2001 single by P.O.D.

"Alive" is a song by American Christian metal band P.O.D. It was released on July 31, 2001, as the lead single from their fourth studio album, Satellite, and is one of the band's most popular songs. The "Alive" CD single was first released in 2001 and then again in 2002 with alternative cover art and tracks. A semi-acoustic remix was included as a bonus track on the special edition re-release of Satellite available August 27, 2002. In December 2017, "Alive" was ranked at No. 7 on "The 10 best P.O.D. songs" list by Metal Hammer.

==Background==
The lyrics to the track were written by vocalist Sonny Sandoval and were inspired by a moment when he recognized his own features in those of his young daughter for the first time.

The song debuted just prior to the September 11, 2001, attacks and benefited by offering a positive message during hard times. As such, "Alive" went on to become one of MTV's and MTV2's most played videos of 2001 and became a huge pop hit.

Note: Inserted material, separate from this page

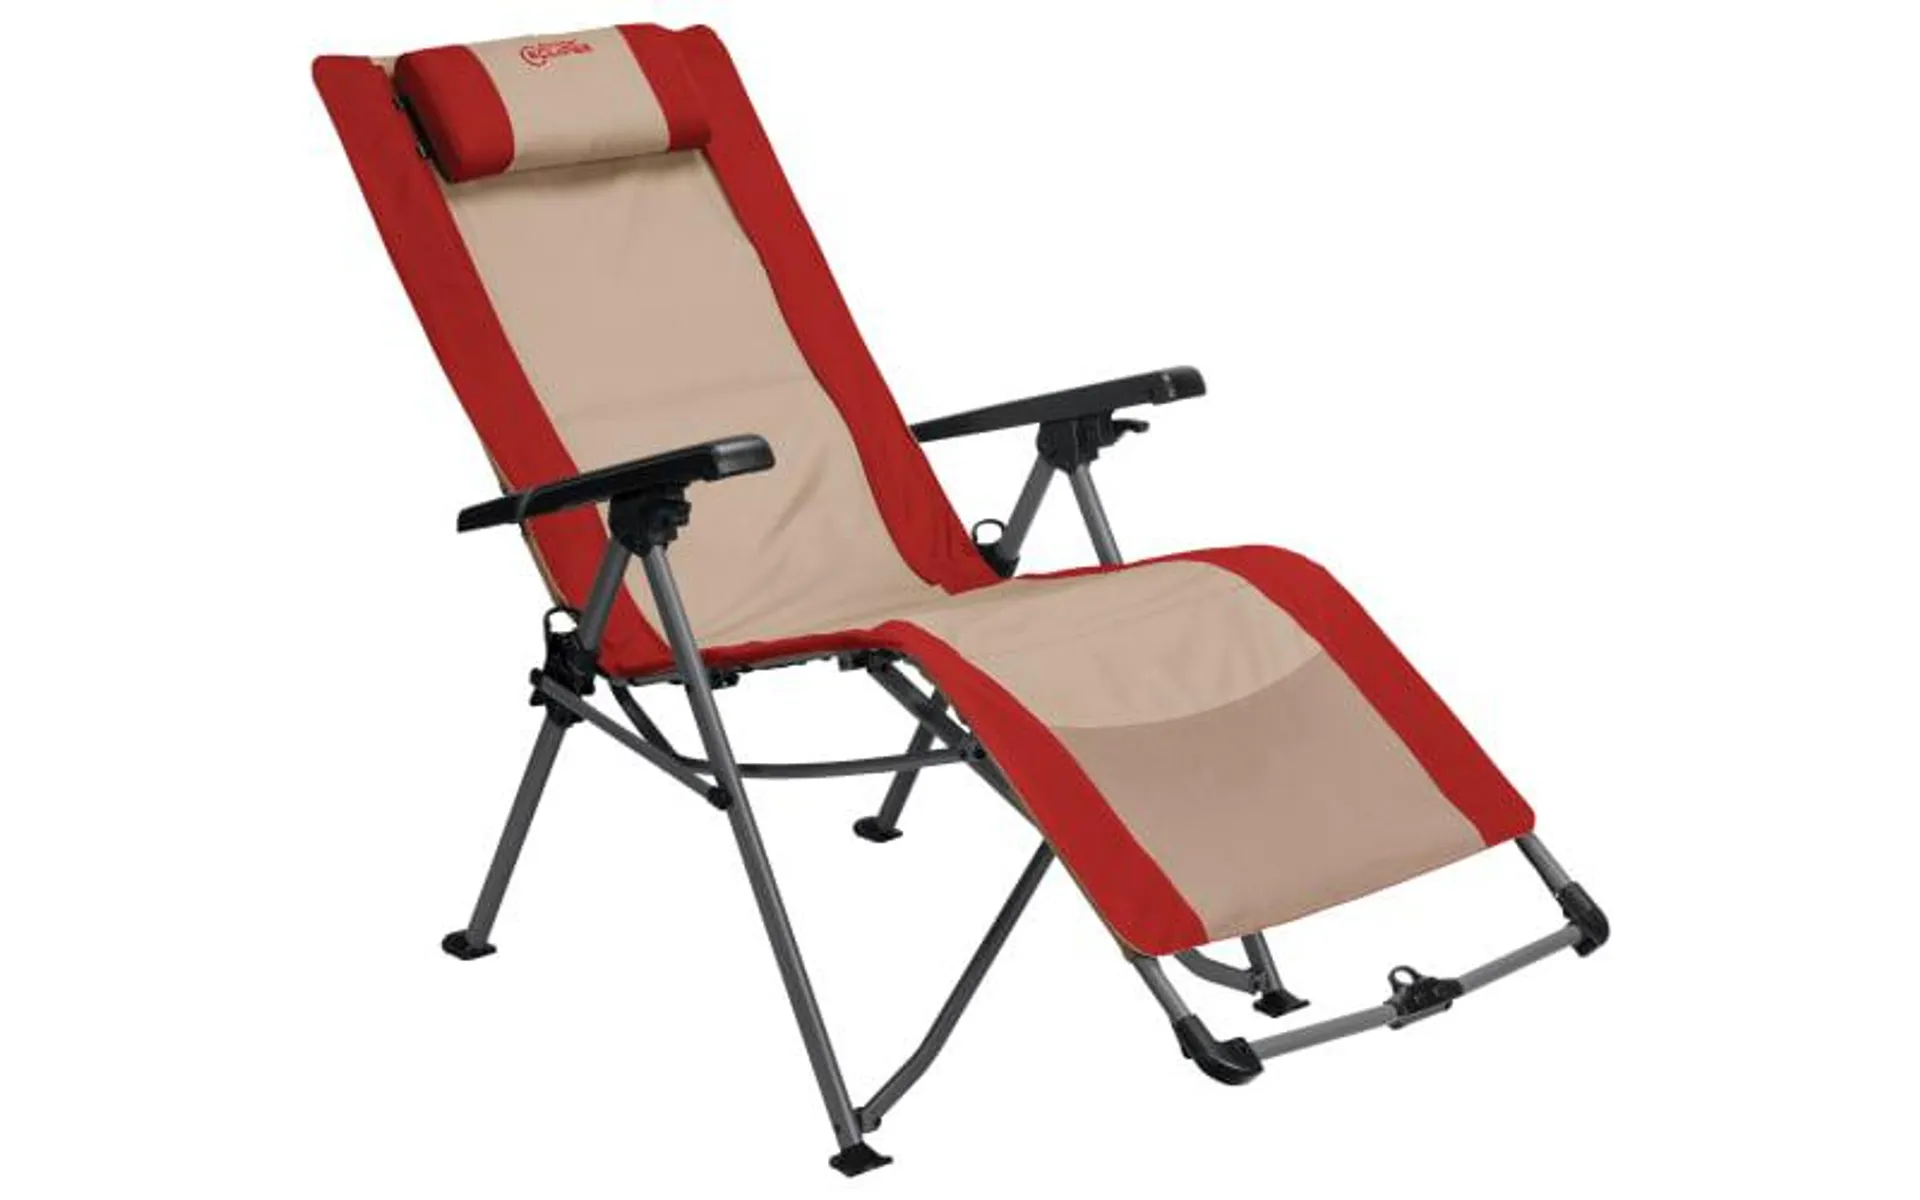 Bass Pro Shops Eclipse Quad Fold Zero-Gravity Lounger Chair

Guitarist Marcos Curiel mentioned the song's relevance in a 2008 interview: "There's just way too much negativity going on in our everyday lives. When you can hear something that's going to uplift you like 'Alive' or something that's going to bring out knowledge like 'Youth of the Nation,' we've done our jobs as an artist. We're trying to be relevant with the people."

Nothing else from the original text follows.